In the last couple of weeks, butter has been smeared, spread and spread across all manner of surfaces and social media, in the name of the butter board.
Not to be confused with a charcuterie table, which is exactly what it sounds like. It’s butter, and it’s on a board.
A common butter board is less of a recipe, more of a technique: soften some butter, then place it on a wooden cutting board or a slate or marble cheese plate.
Then drizzle some honey. Grate some lemon zest. Sprinkle some edible flowers or chili flakes. Add figs, maybe radishes. That, and the flaky salt, artfully mask the reality. Serve with bread.
“This is essentially a glorified stick of butter,” said Justine Doiron, a recipe developer in New York who blogs under the name. Justine Snacks.
When Ms. Doiron posted a 28 second video of his preparation of a “butter board” for TikTok earlier this month, he was simply contributing to the canon of trendy board-based recipes that have come to find a huge audience thanks to the mysterious creation algorithm platform stars
The butter board, a smaller format heir grazing tablesmaybe it’s a little childish: We’ll eat anything. And as diners become more comfortable with communal eating two and a half years after a pandemic, the resurgence of shareable recipes is no surprise. The butter board is a harbinger of festivities to come.
Savory or sweet, a butter board is a beautiful centerpiece, and beautiful is the point. But its simplicity is, perhaps, the real appeal.
“It’s a more humble way to entertain,” said Ms. Doiron, whose video has been viewed more than 8.4 million times. “Charcuterie tables have become so demanding and so done.”
While she may have been the digital midwife of the butter board, Ms. Doiron credits chef and cookbook author Joshua McFadden with the idea.
A butter board is featured in his 2017 James Beard Award-winning book “Six seasons: a new way with vegetables”, which he wrote with Martha Holmberg.
He first served one at a farm dinner for about 150 people. “Everybody said, ‘What are you doing with all that butter?'” he said.
The chef recommends using butter at room temperature. “Don’t try to make everything taste the same,” said Mr. McFadden. “Find pockets of sweetness, pockets of salt.”
Salted butter can be left out for four hours at room temperature, said Benjamin Chapman, head of the department of agricultural and human sciences at North Carolina State University. Unlike the average American who prefers to keep butter at much cooler temperatures, people in many other Western countries often leave it on the counter for easy spreading.
“This is not something that would make my top 20 or top 50 list of risky things,” said Dr. Chapman on butter tables.
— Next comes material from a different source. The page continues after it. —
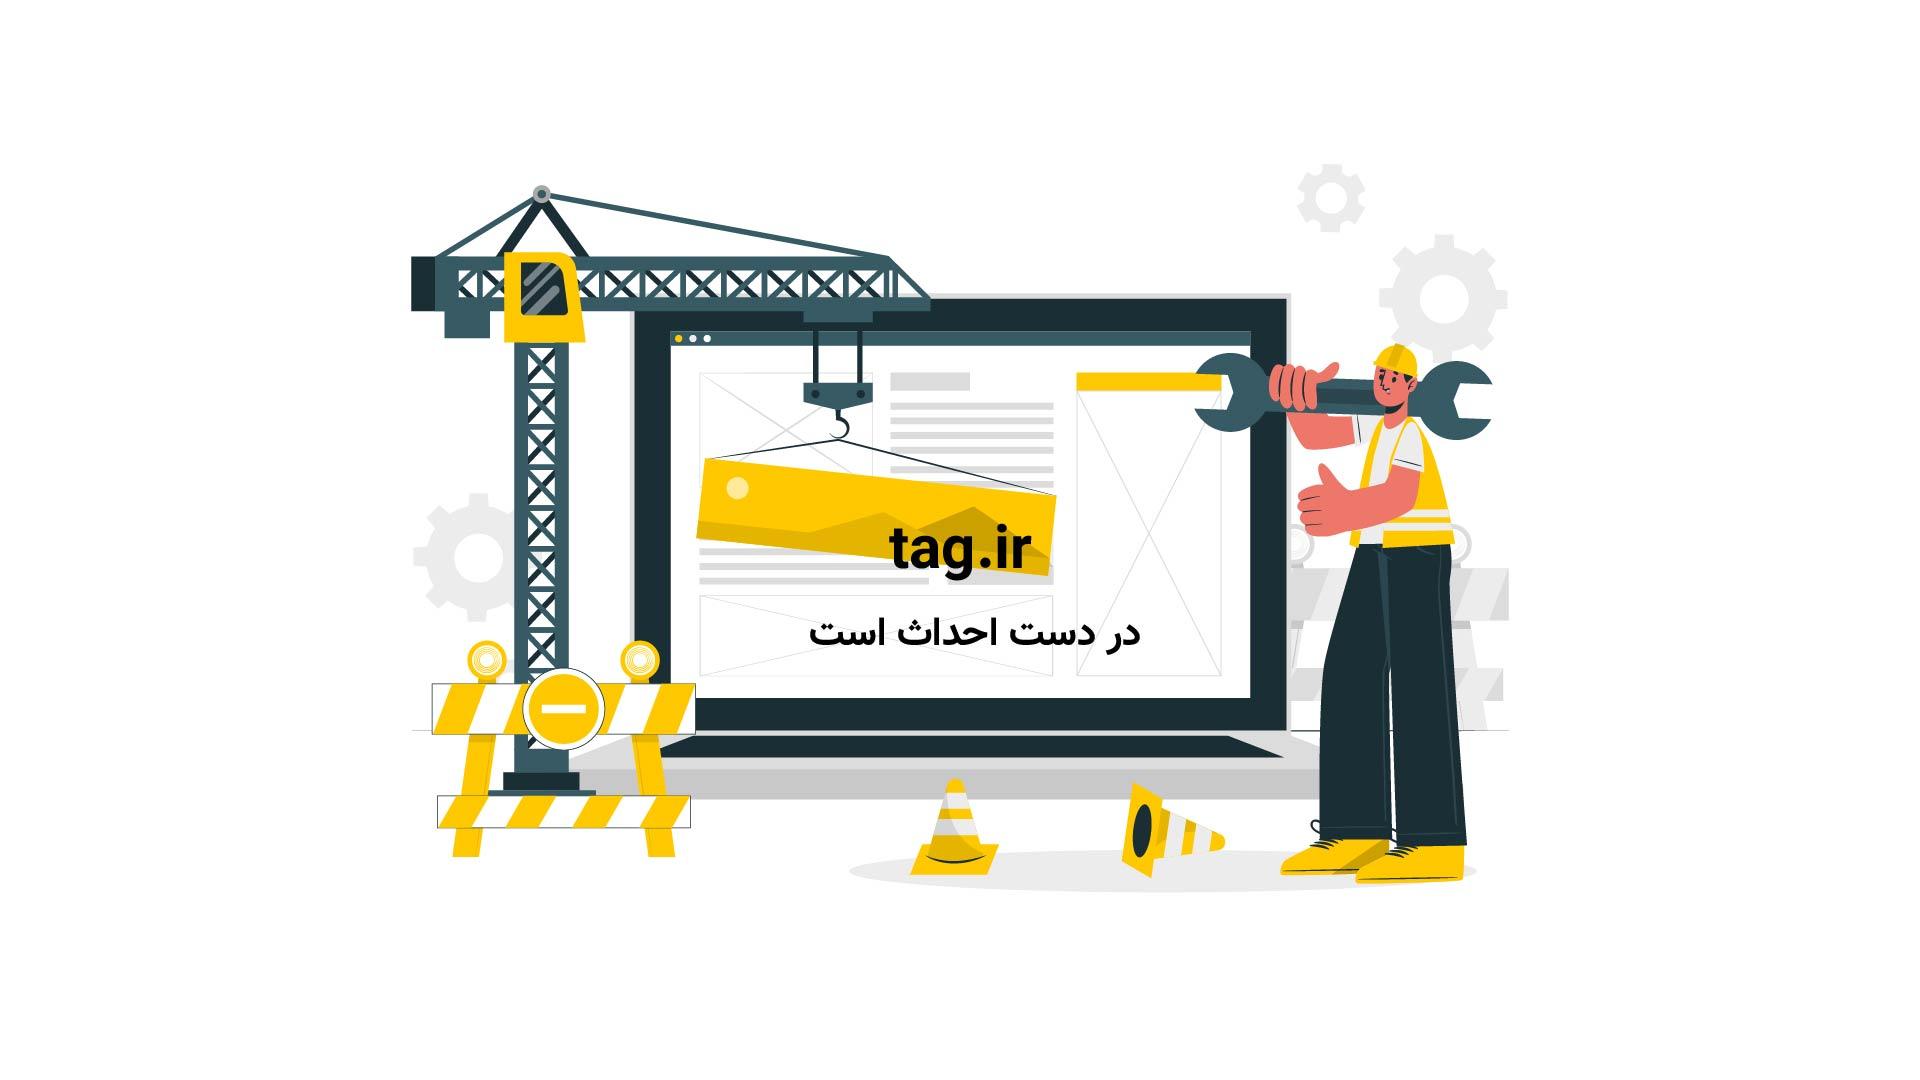 اسپاگتی مرغ لیمویی | تگ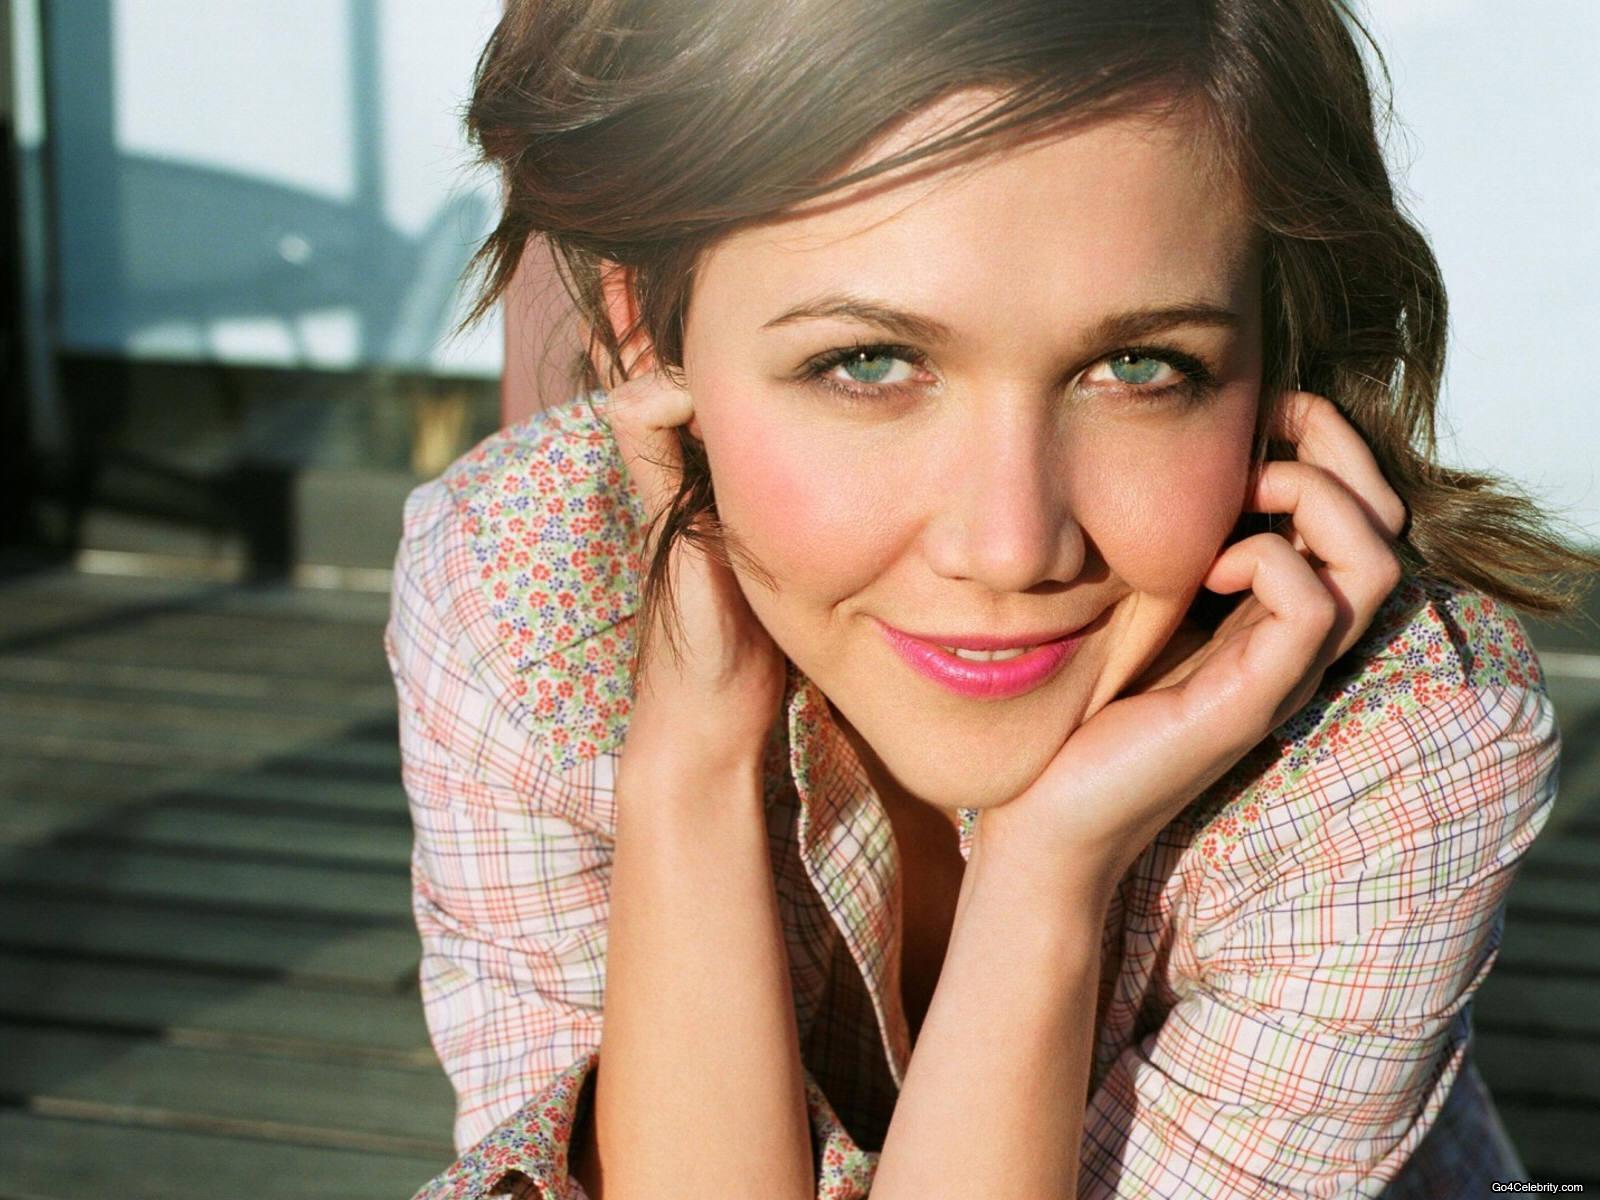 http://1.bp.blogspot.com/-QVd1UTySDt8/TZk49fSUUUI/AAAAAAAABOY/p-Y3P7MvHVI/s1600/Maggie-Gyllenhaal-004.jpg

Supply chain issues, labor shortages and inflation are increasing dairy prices, but butter sales are higher compared to 2019 levels, industry experts said. Butter boards came on the heels of another dairy-based TikTok trend: overdoing it compound butters.
When it comes to butter boards, Big Butter is a big fan.
“We love it, of course,” said Heather Arfang, senior vice president of Land O’ Lakes’ dairy business.
Because the trend is young, he said, “it’s hard to make a real cause and effect on volumes in this short period.” But, Ms. Arfang added, “our demand for butter has been very strong. This month, we have found our forecasts.”
Nearly a dozen woodworking Etsy sellers said they saw visits to their sites soar after Ms. Doiron published his video. Some savvy business owners have even started customizing their standard cutting boards with “Butter Board” in curling script, good for search engine optimization.
For the past two weeks, online visits to Benjamin Blakeley’s Etsy shop, Tobins Carpentrythey have increased by 400 percent, he said.
“It’s simple, it’s fun, it’s artistic,” Blakeley said of the trend.
Like all food trends on TikTok, professional content creators and home cooks are making it their own. Holly Haines, a recipe developer in San Diego, California, not yet ready to double dip, has offered an ouroboros of dams: use focaccia like the board.
“It’s definitely just bread and butter,” Ms. Haines admitted.
Here are a few things to keep in mind when making your own butter board:
The type of board matters. A wooden cutting board may look rustic, but that wears out quickly. Place parchment paper on the board for easy cleanup, or opt for a marble or chalkboard surface.
Utensils are your friends. Place knives to the side so guests don’t treat the butter board like, well, hummus. (Ms. Doiron said the “biggest mistake” in her video was tearing off a piece of bread to dip in butter.)
Soften naturally. The fat and milk solids in the butter can separate when microwaved, so leave the stick for about an hour before serving. If you arrive on time, you can always try body heat.
Treat butter like frosting. Use the back of a spoon or an offset spatula to swirl it like you would frost a layer cake.